Given current trends:

• Short-term (2023-2025): Prices are expected to remain relatively stable, supported by high demand and ongoing patent protections (expected expiry circa 2031).

• Medium-term (2025-2030):

  • Introduction of biosimilars is unlikely before patent expiry, preventing significant price erosion.
  • Market competition may lead to slight downward pressure (~10%), especially if newer therapies with superior efficacy or lower costs enter the market.

• Long-term (post-2030):

  • Price declines could accelerate once biosimilars or generics enter the market.
  • Potential for value-based pricing models to influence net costs.

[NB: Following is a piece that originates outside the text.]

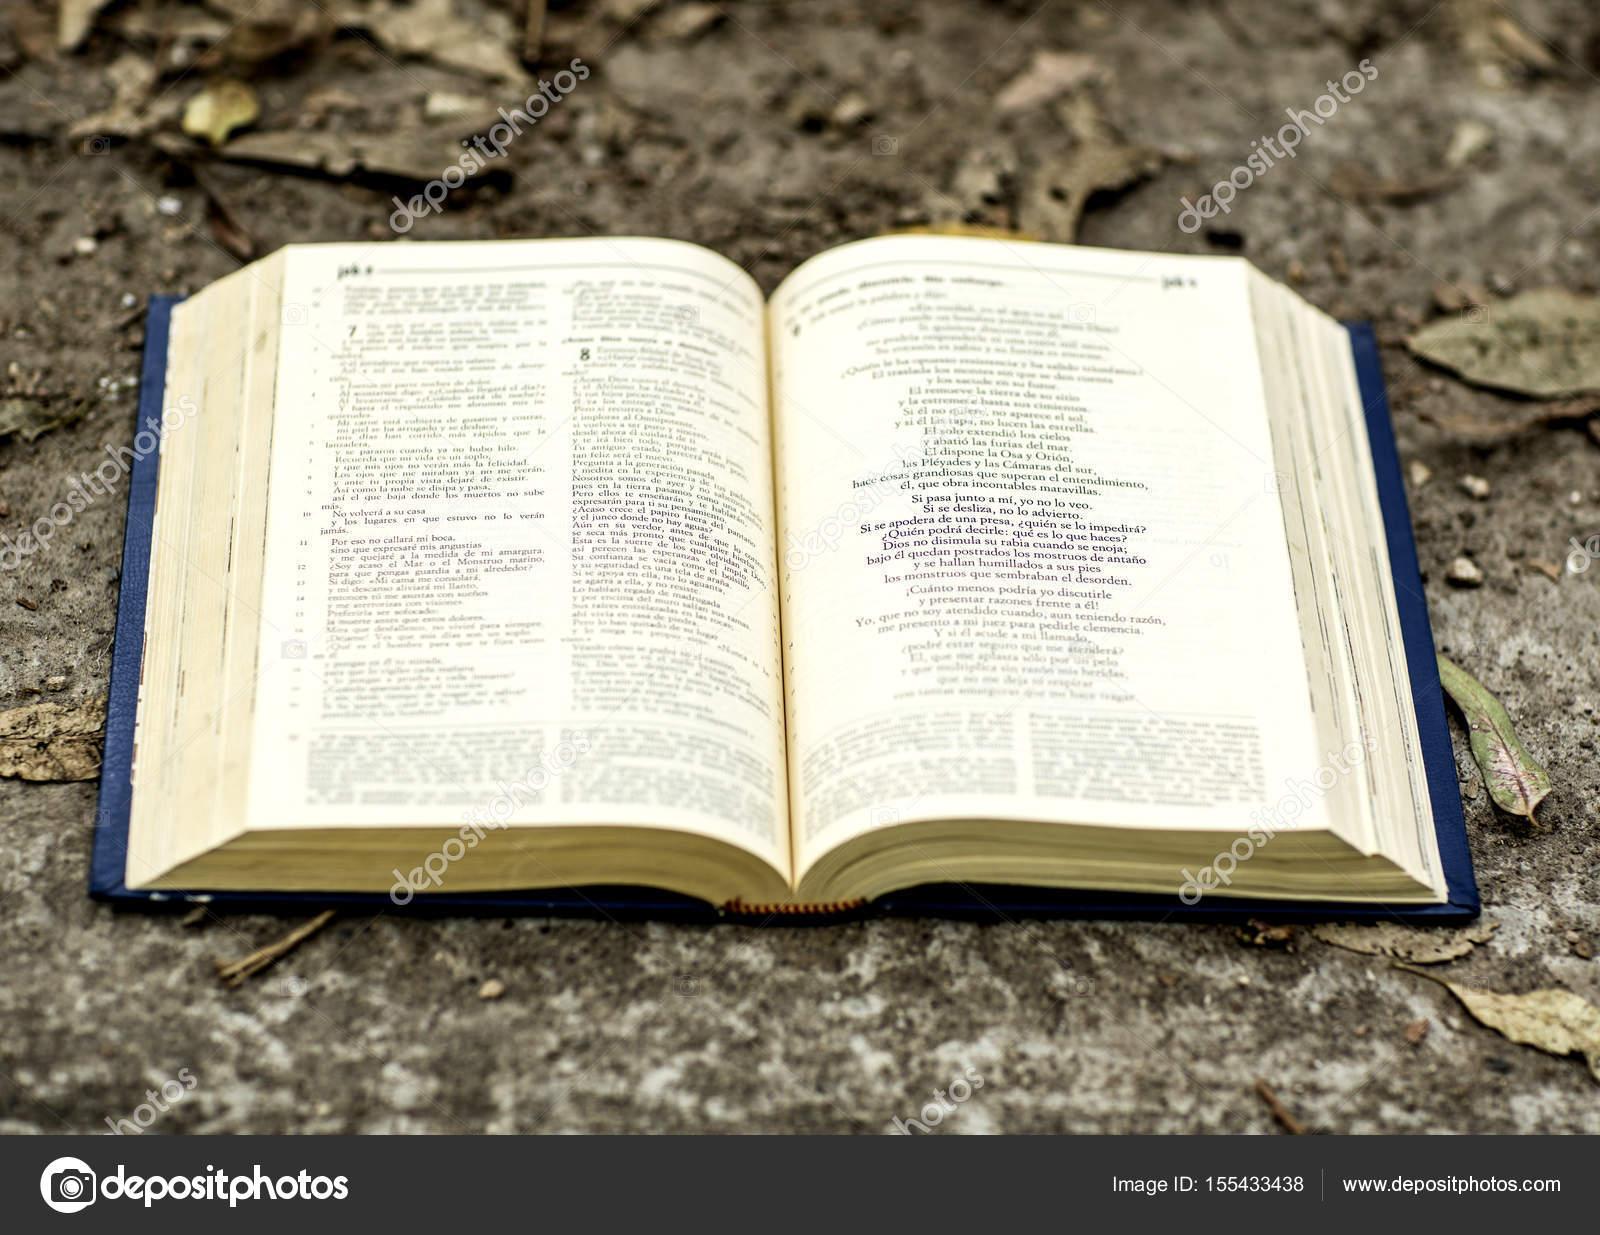 Dibujo De Biblias Abiertas Santa Biblia Abierta Foto De Stock

Market Opportunities and Challenges

Opportunities

• Expanding indications: Ongoing trials may lead to approvals in additional tumor types, expanding market share.
• Combination therapies: Synergistic regimens can increase the drug’s utility and sales volume.
• Geographical expansion: Growing access in emerging markets presents untapped potential.

Challenges

• Patent expiration and biosimilar entry: Patent expiry around 2031 poses long-term price erosion risks.
• Pricing pressures: Payers’ push for cost-effective therapies could limit reimbursement levels.
• Competitive landscape: Nivolumab and Pembrolizumab have broader indications and established market dominance.

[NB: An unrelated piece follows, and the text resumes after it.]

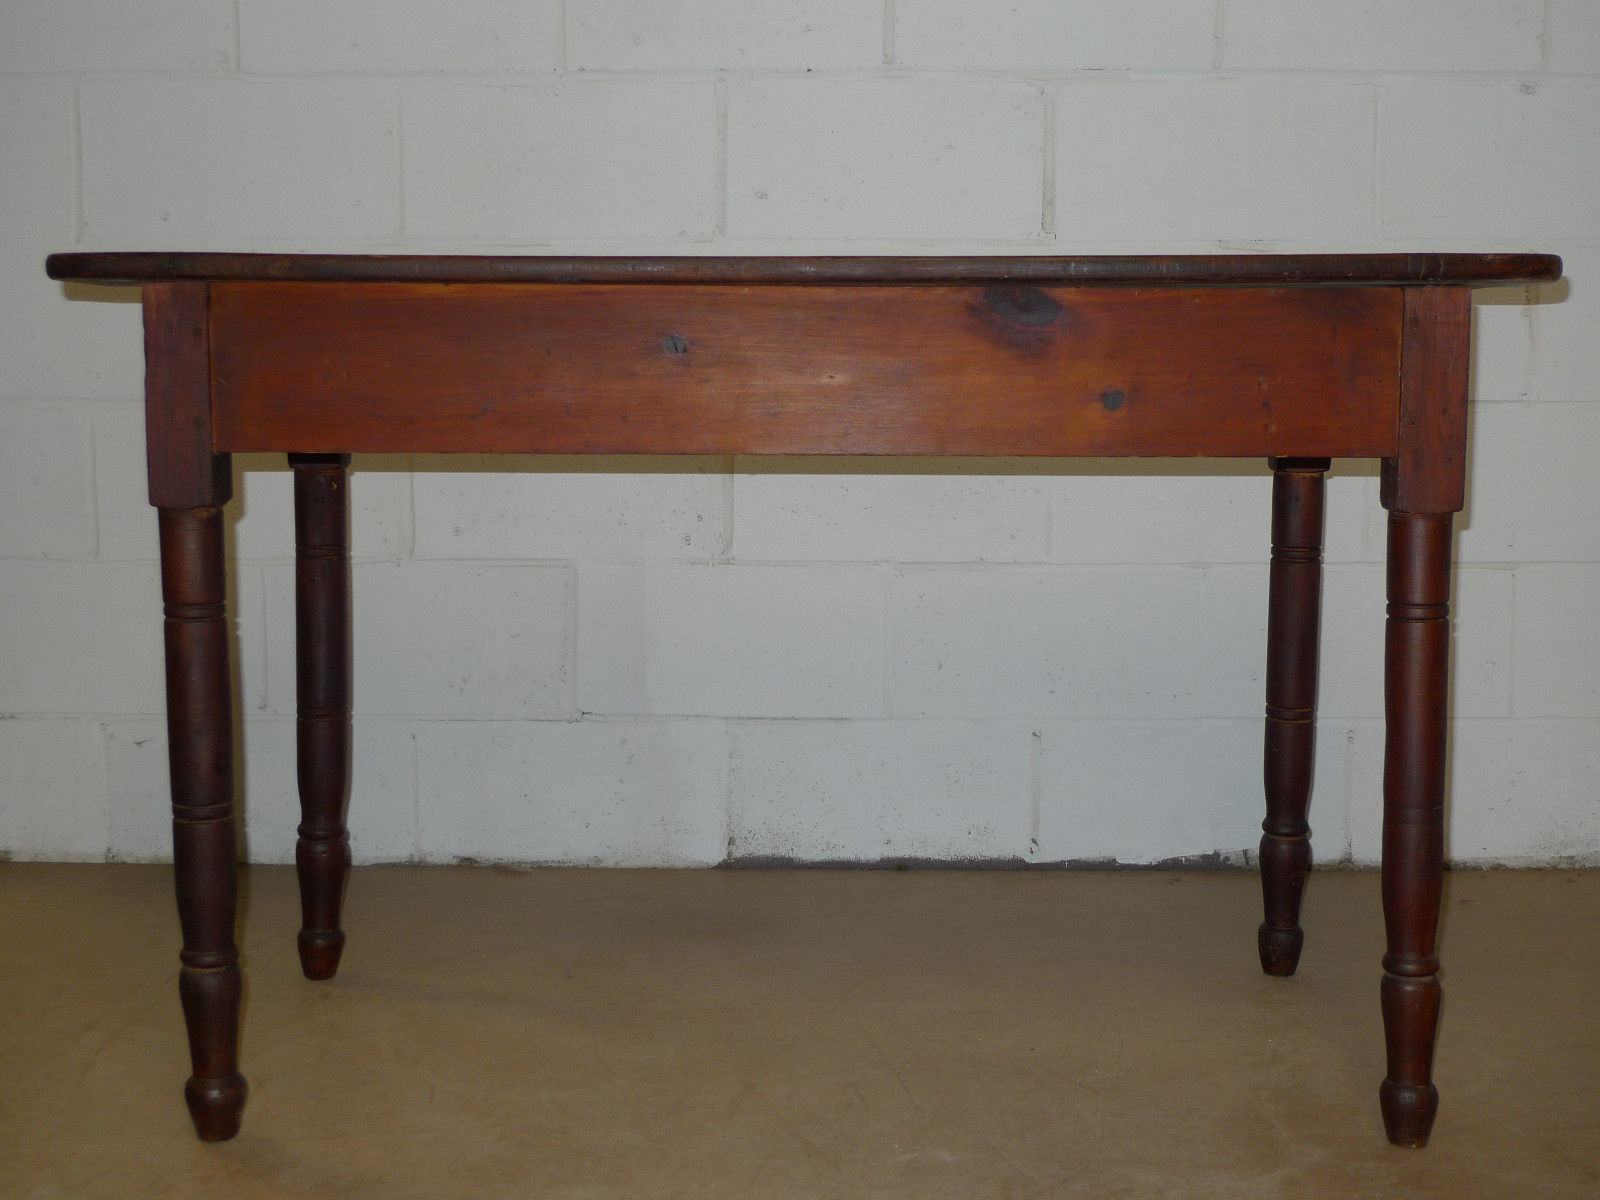 American Sheraton Period Knotty Pine Farmhouse Table Antique

Regulatory and Patent Outlook

The patent status and regulatory pathway influence future pricing and exclusivity. Roche/Sanofi’s biosimilars have yet to reach the market, suggesting longer exclusivity for Atezolizumab. The expiration of relevant patents in late 2020s or early 2030s could catalyze market dynamics, including price reductions.

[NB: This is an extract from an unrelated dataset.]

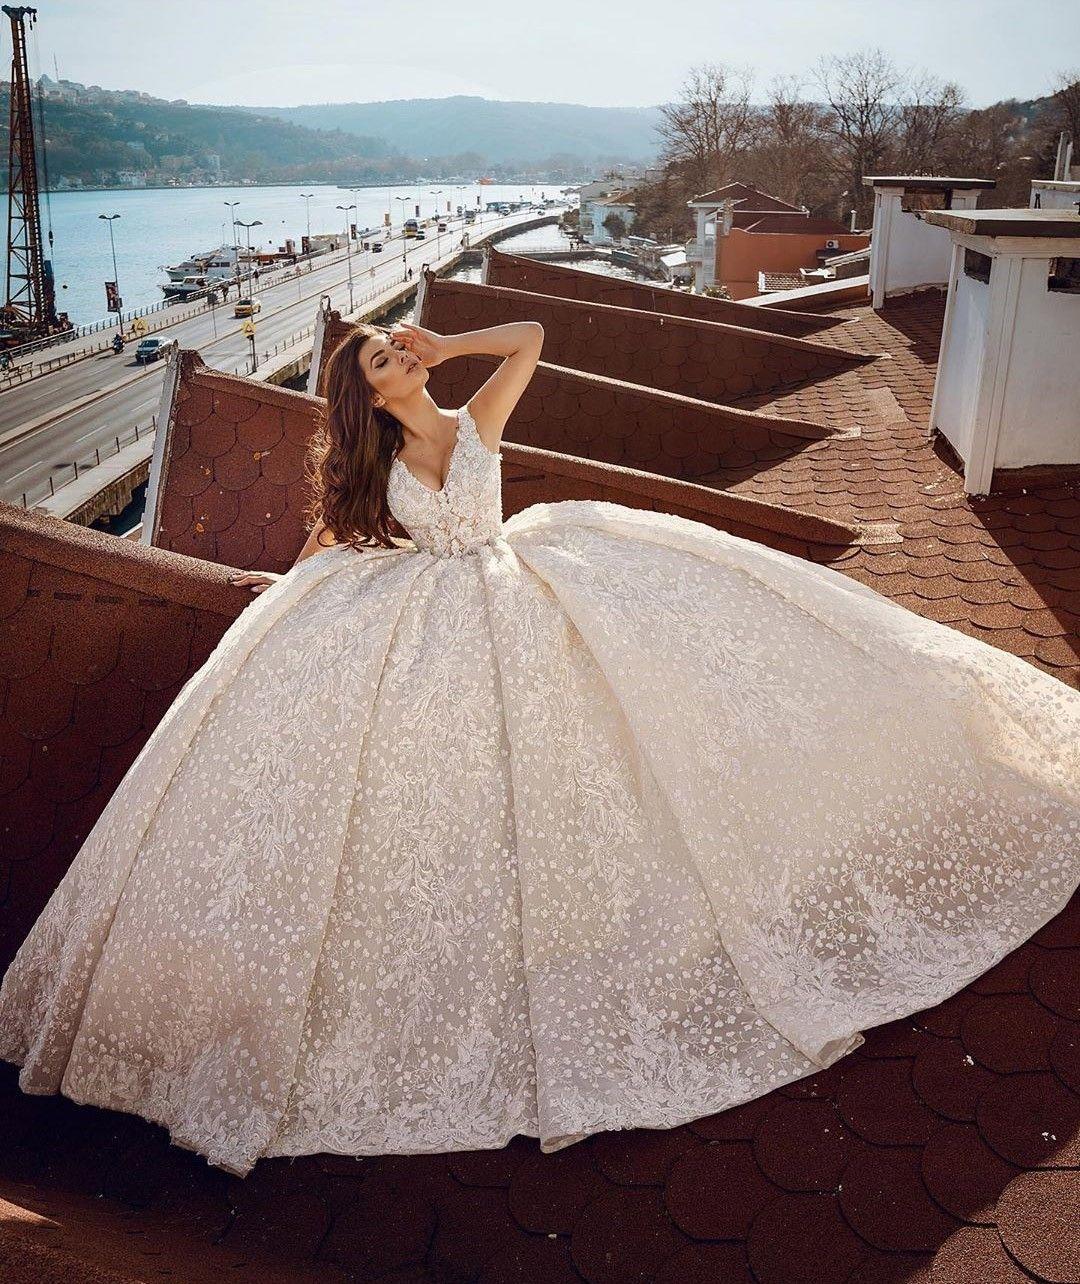 weddings #weddingday #weddingdress #bride #dress in 19

Strategic Implications for Stakeholders

• Pharmaceutical companies should monitor upcoming biosimilar approvals closely.
• Investors can anticipate sustained revenues until patent expiry, followed by potential market commoditization.
• Healthcare providers need to adapt to evolving treatment guidelines incentivized by cost-effective practices.

Key Takeaways

• Market growth for Atezolizumab remains strong given expanding indications and combination regimens.
• Pricing is currently high, with prices generally in the USD 10,000–14,000 per infusion range, supported by high clinical efficacy and limited biosimilar competition.
• Long-term outlook indicates potential price erosion following patent expiration circa 2031, compounded by biosimilar involvement and evolving reimbursement policies.
• Competitiveness relies on clinical efficacy, combination strategies, and regional regulatory landscapes.
• Innovation and pipeline expansion are critical to maintaining market share amid increasing competition and cost-containment pressures.

FAQs

1. When is the patent for Atezolizumab expected to expire?
Patent protections for Atezolizumab are anticipated to expire around 2031, opening pathways for biosimilar entrants that could significantly reduce prices.

2. How does Atezolizumab compare to other ICIs in the market?
Atezolizumab offers similar efficacy profiles to nivolumab and pembrolizumab but often faces stiffer competition due to broader indications and longer market presence of competitors.

3. What are the primary factors influencing its current pricing?
Pricing is influenced by clinical efficacy, approval for multiple indications, market demand, reimbursement negotiations, and lack of immediate biosimilar competition.

4. Are biosimilars expected to impact Atezolizumab's market significantly?
Yes. Once biosimilars are approved and enter the market post-patent expiry, significant price reductions and increased market competition are anticipated.

5. What future developments could alter the market for NDC 82009-0037?
New indications, combination therapy approvals, advances in immunotherapy, and biosimilar entry will shape the future landscape and pricing strategies.

Sources

[^1]: U.S. Food & Drug Administration. (2016). Tecentriq (Atezolizumab) Approval.
[^2]: MarketsandMarkets. (2023). Oncology Drugs Market by Therapeutic Approach, Region - Global Forecast to 2030.
[^3]: EvaluatePharma. (2023). Top Oncology Drugs Market Share & Trends.
[^4]: IQVIA Institute. (2023). The Future of Oncology Drug Pricing and Access.